Brain Age: A Promising Biomarker for Understanding Aging in the Context of Cognitive Reserve

INTRODUCTION

Cognitive decline is a major concern in aging populations. Detecting it before clinical symptoms emerge remains a significant challenge. A precise, reliable, and non-invasive biomarker for cognitive health could revolutionize how we monitor normal aging and lifestyle impacts. Such a tool would not only identify individuals at risk of cognitive decline years before symptoms manifest but also aid in early interventions and treatments.

METHODS

Longitudinal MRI data from 121 high cognitive reserve (HCR) individuals were compared to matched low cognitive reserve (LCR) individuals to evaluate four biomarkers for early cognitive decline and disease progression: brain age delta, cortical thickness, AD cortical signature, and hippocampal volume. Cross-sectional analyses were conducted at baseline, alongside longitudinal assessments spanning 1 to 12 years, to compare the performance and properties of these biomarkers.

RESULTS

The brain age metric emerged as the most reliable biomarker, demonstrating a significant ability to differentiate between groups at baseline ( β = 1.250, t = 3.521, p = 0.0009; linear regression model; AUC = 0.73). Furthermore, this biomarker maintained its robustness as the strongest predictor of group membership over a follow-up period of up to 12 years ( β = 0.409, p = 0.025; mixed-effects model), underscoring its potential for longitudinal monitoring of cognitive decline.

DISCUSSION

The brain age biomarker demonstrates potential as an effective indicator for early cognitive decline, capable of detecting changes years before clinical symptoms appear and tracking age-related brain and cognitive changes over time.
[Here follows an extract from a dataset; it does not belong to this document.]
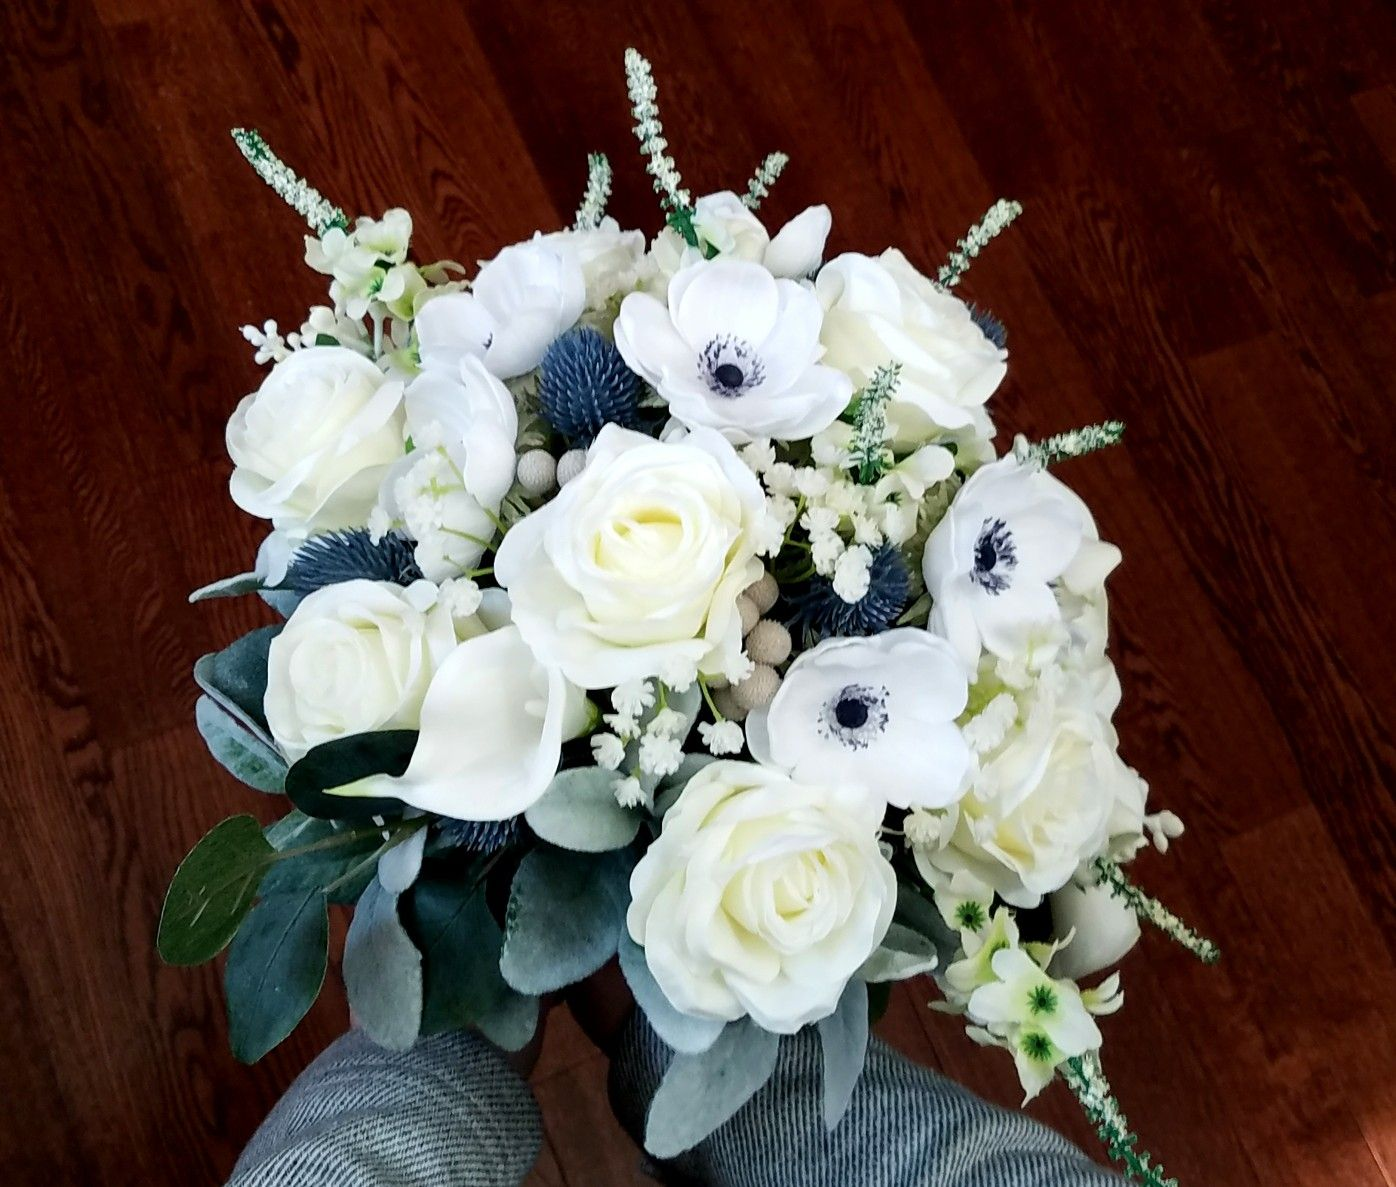 Gorgeous cascading bridal bouquet contact chicago silk florist to gorgeous cascading bridal bouquet contact chicago silk florist to create a beautiful bridal bouquet mightylinksfo

These findings suggest that integrating MRI biomarkers with machine learning approaches could yield more accurate and reliable tools for assessing cognitive health, surpassing the limitations of relying solely on MRI biomarkers.

Key Points

Question: Which T1-weighted MRI biomarkers are most effective in predicting longitudinal cognitive deterioration in the aging population?

Highlights

• Four commonly used MRI biomarkers were assessed in the context of cognitive aging.

• Brain age is validated as a promising biomarker for aging and cognitive reserve.

• Machine learning boosts cognitive biomarker accuracy beyond neuroimaging alone.

• The findings underscore a direct association between structural brain reserve and cognitive reserve.

• Key factors in brain preservation may support high cognitive reserve in aging.